P. Amanda Whitaker
Columbus, Ohio 43235
Email: ************@*****.***
Education: The Ohio State University: Bachelor of Science in Wildlife Management, 2004
Areas of Expertise:
● Over 5 Years of Laboratory Experience; Detail oriented, self-directed and highly adaptable to new
situations, excellent manual dexterity, extensive experience with different types of Autoclaves.
● Over 4 Years of Experience; cGMP work methods, documentation, Document Review, also cell culture,
microbiology and wet chemistry techniques.
● Technical Writing including; standard operating procedures (SOP), Batch Record Statements, medical
device complaint ticket review summaries, equipment validation processes, system performance reports,
System Deviation Reports.
● Extensive Experience Training Teammates in GMP Areas including; technical cleaning, aseptic gowning,
documentation, and database systems.
● Completed Major Validation Process of cGMP Autoclave, and supporting systems, involving RA, IQ,
OQ, and FTPs, which lead to use of fewer BIs, higher overall Autoclave Process Efficiency, and Less
Cost.
Experience:
Quality Assurance Coordinator II, Abbott Nutrition, July 2012 - Nov 2012:
● Utilized Abbott’s Complaint Handling System to actively review medical device complaints, and properly
document Result Summaries of reviewed data into system as outlined by Abbott Nutrition guidelines.
● Maintained a high degree of accuracy and analytical thinking while interfacing with multiple database
applications to acquire additional information pertaining to complaints under review.
● Reviewed all collected information regarding Abbott international complaints and assured documentation
of each complaint in a manner that is in accordance with FDA regulations.
● Interacted directly with International Affiliates via Abbott’s Complaint Handling System, while
performing final review activities, to advance the complaints through the system to complete.
● Assured the resolution of all quality concerns associated with each complaint ticket while working closely
with International Affiliates, Medical Safety and Surveillance and Regulatory Affairs.
● Possesses knowledge of applicable regulatory standards and requirements for infant formula and
nutritional products.
Research Assistant, Nationwide Children’s Hospital Research Institute, April 2010 - July 2012:
● Performed Environmental Monitoring of Clinical Manufacturing Facility.

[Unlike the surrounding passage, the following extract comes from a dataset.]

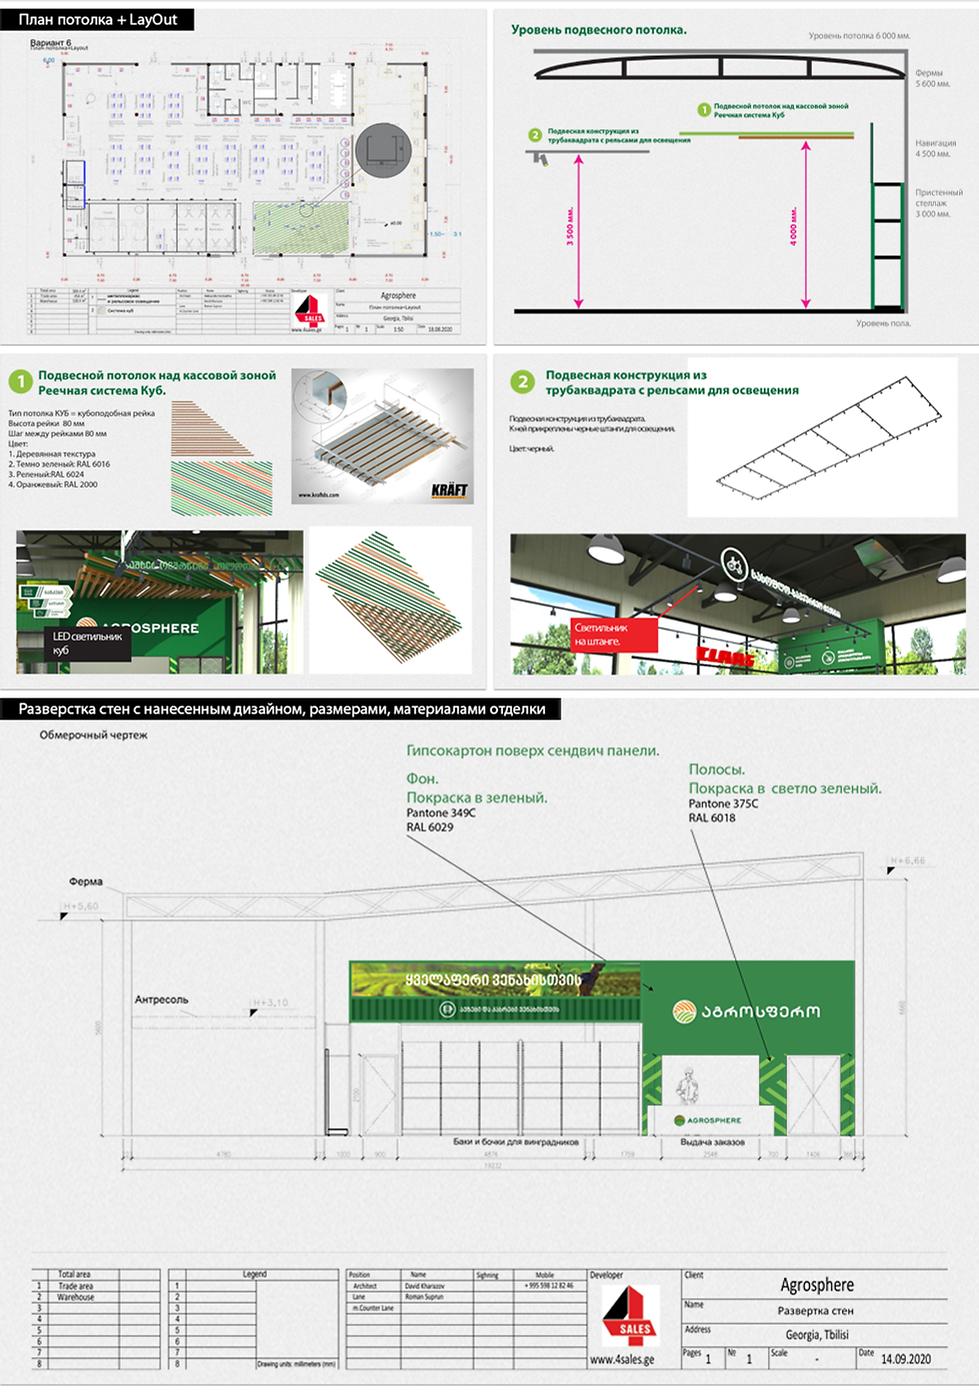 magaziis dizaini da proeqtireba 07.png

● Executed Endotoxin Assay, kinetic chromogenic method.
● Passed media fill qualification and assisted in Aseptic Fill for various drug lots.
● Performed accurate aseptic cell culture.
● Lead the CMF Cleaning Program; scheduled staff to perform different levels of cleaning necessary to
satisfy SOPs. Also included inventory, and stocking.
● Interviewed, hired, Trained and Supervised FWS students.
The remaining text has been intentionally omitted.